Clinical presentation

NL is characterised by well-demarcated plaques ranging from yellow to red or brown in colour with associated erythema (Figure 1) and a propensity to ulcerate (Figure 2), quoted in up to 30% of cases¹. Its distribution is typically seen in the lower limbs bilaterally; however, there have been reports of histologically confirmed NL in other parts of the body including the abdomen, scalp, genitals, face and upper limbs. The lesions tend to begin spontaneously as small, asymptomatic red or violet papules that erode over the course of months to years and may eventually break down into the classical plaque appearance, with or without ulceration. It is predominantly an aesthetic issue but may be associated with pain and pruritus. Ulceration is not uncommon, particularly after a traumatic trigger, which increases the risk of developing an infection. There have also been links with NL and an increased risk of squamous cell carcinoma², although it is unclear if this is associated with the chronic inflammatory response or a sequelae of NL independently. These lesions persist for years if left untreated but typically remain confined to the region of onset and do not progressively spread.

 

Figure 1. An example of NL’s characteristic well-demarcated red or brown plaques

Figure 2. An example of NL’s propensity to ulcerate

Epidemiology

There is an historical association with diabetes mellitus (DM), but even that is disputed. Studies on patients with NL quote between a 11–62% association with a confirmed diagnosis of DM, and potentially even greater figures when considering patients with impaired glucose tolerance^3,4. Indeed, when first identified and named by Oppenheim and Urbach in 1929–1932, it was dubbed necrobiosis lipoidica diabeticorum⁵. However, epidemiological studies have since identified that there are cases of NL without any indication of DM or impaired glucose tolerance, and absolute figures of rates of NL in DM are low, from 0.3% to up to 2%^3,4. It is noted that Type 1 DM has been associated with greater rates of NL; however, glucose control itself does not seem to correlate with disease progression⁷.

Other epidemiological observations include higher prevalence in females compared to males, with up to a 5:1 distribution⁷, although previous estimates demonstrate a 3:1 distribution⁸. The typical age of onset is between 30–40 years of age, but extreme variations such as presence at birth have also been reported. Other risk factor associations that have been identified include obesity, hypertension, dyslipidaemia and smoking^9,10.

Pathological processes

NL may resemble multiple other granulomatous skin diseases, including granuloma annulare, erythema nodosum or the even rarer necrobiotic xanthogranuloma^4,11. While diagnosis can be made clinically, confirmed diagnosis requires histopathology, often, but not always, demonstrating features of blood vessel wall thickening, collagen and fibrin abnormalities and granulomatous inflammation with multinucleated giant cells.
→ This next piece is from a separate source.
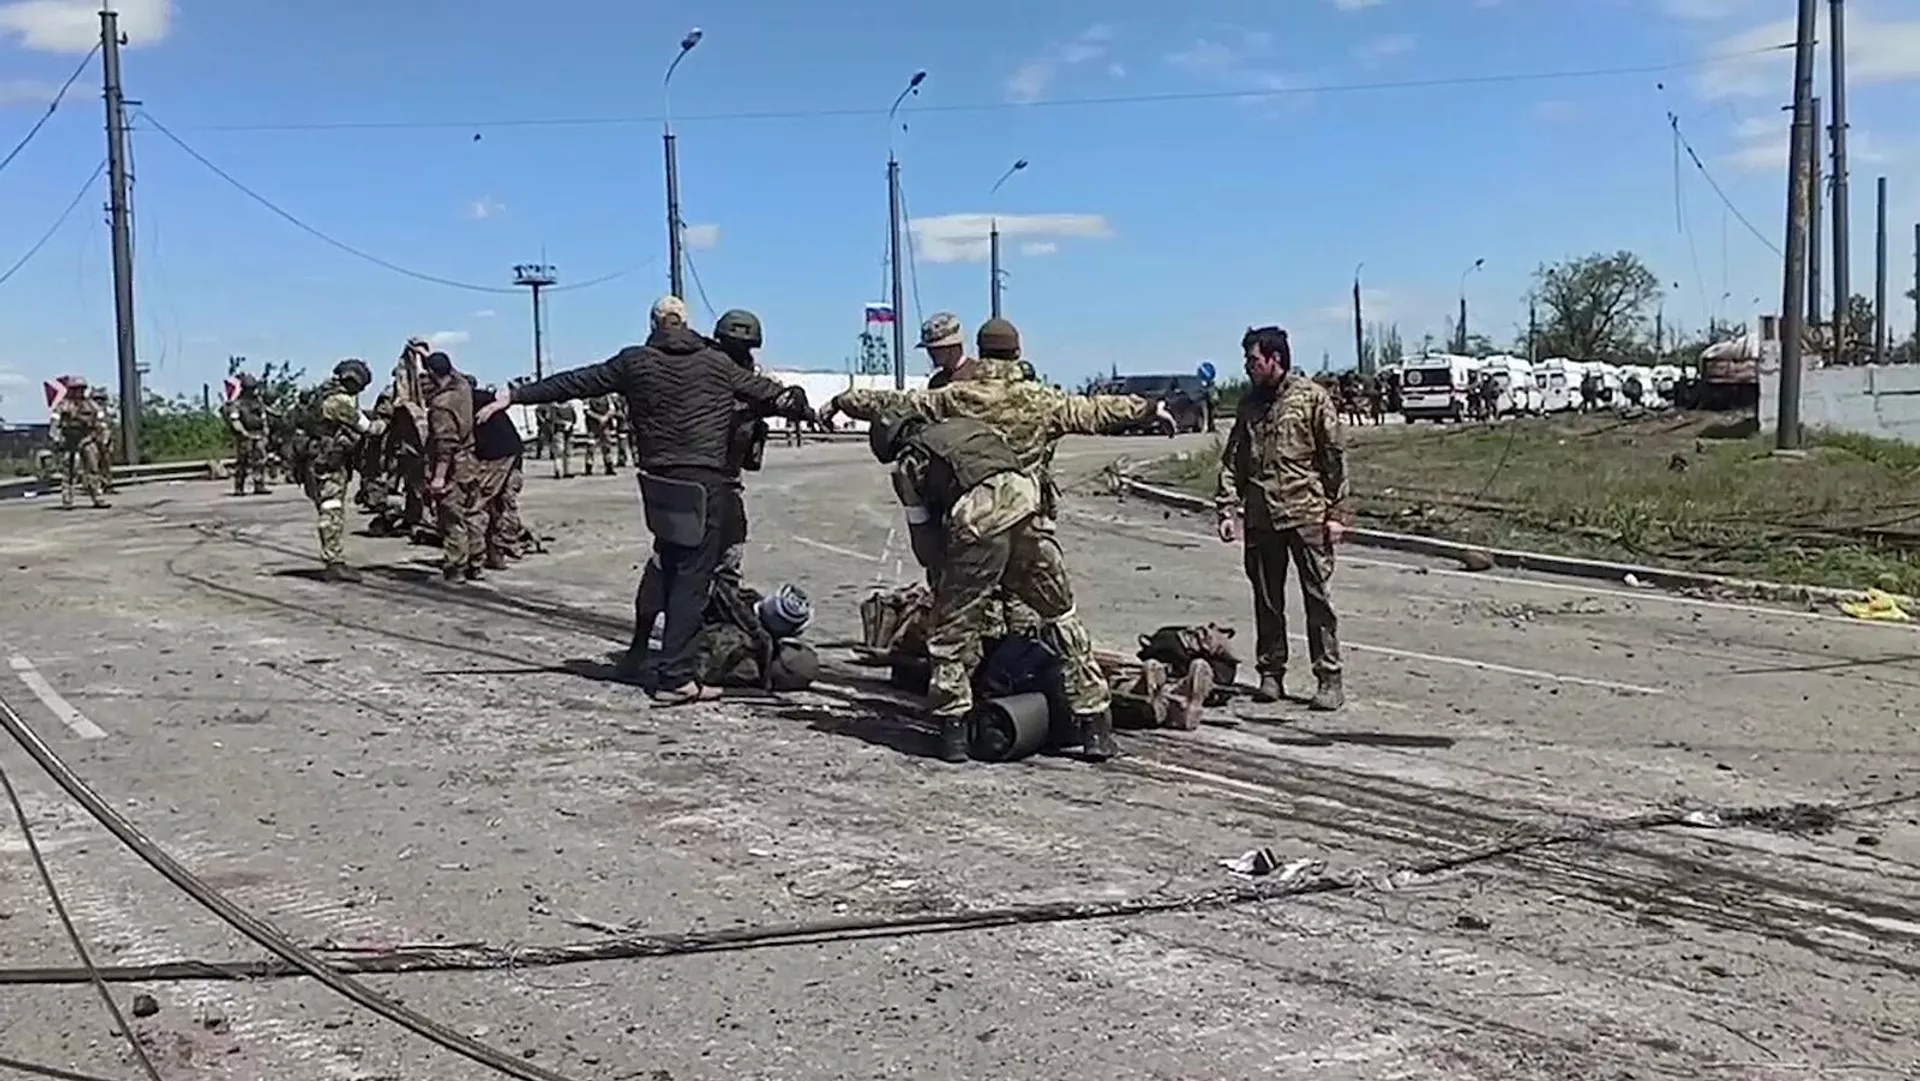 Մեկ շաբաթում ավելի քան 35 ուկրաինացի զինծառայող է գերի հանձնվել. ՌԴ ՊՆ

Vasculitic and inflammatory changes

Whilst there is no widely accepted pathogenesis pathway for NL, it is generally agreed that vascular changes and microangiopathy plays a part^4,12. Features of vasculopathy such as inflammation and thickening of vessel walls, as well as immune complex deposition within vessels, have been identified on histological and immunofluorescence examination^12,13. Common theories include glycoprotein deposition as seen in many complications associated with DM; indeed, it has been positively identified in patients with NL⁹, yet this does not account for all cases. The rates of microvascular complications of diabetes such as diabetic nephropathy or retinopathy in patients with NL are not outside the expected range in the general diabetic population⁷, suggesting that this follows a diabetic pathogenesis pathway. Other features such as immunoglobulins and complement factors in the vessel wall have also been identified, suggesting other aetiology paralleling autoimmune vasculitidies^9,13. Indeed, vascular endothelial growth factor (VEGF) has been demonstrated to be involved in the pathogenesis of NL¹⁴. VEGF promotes proliferation of endothelial cells, which in excess is an observed phenomenon of microangiopathy¹⁴. Thus, while microangiopathy is clearly observed in cases of NL, the precise pathogenesis remains unclear and multiple postulations currently circulate in the literature.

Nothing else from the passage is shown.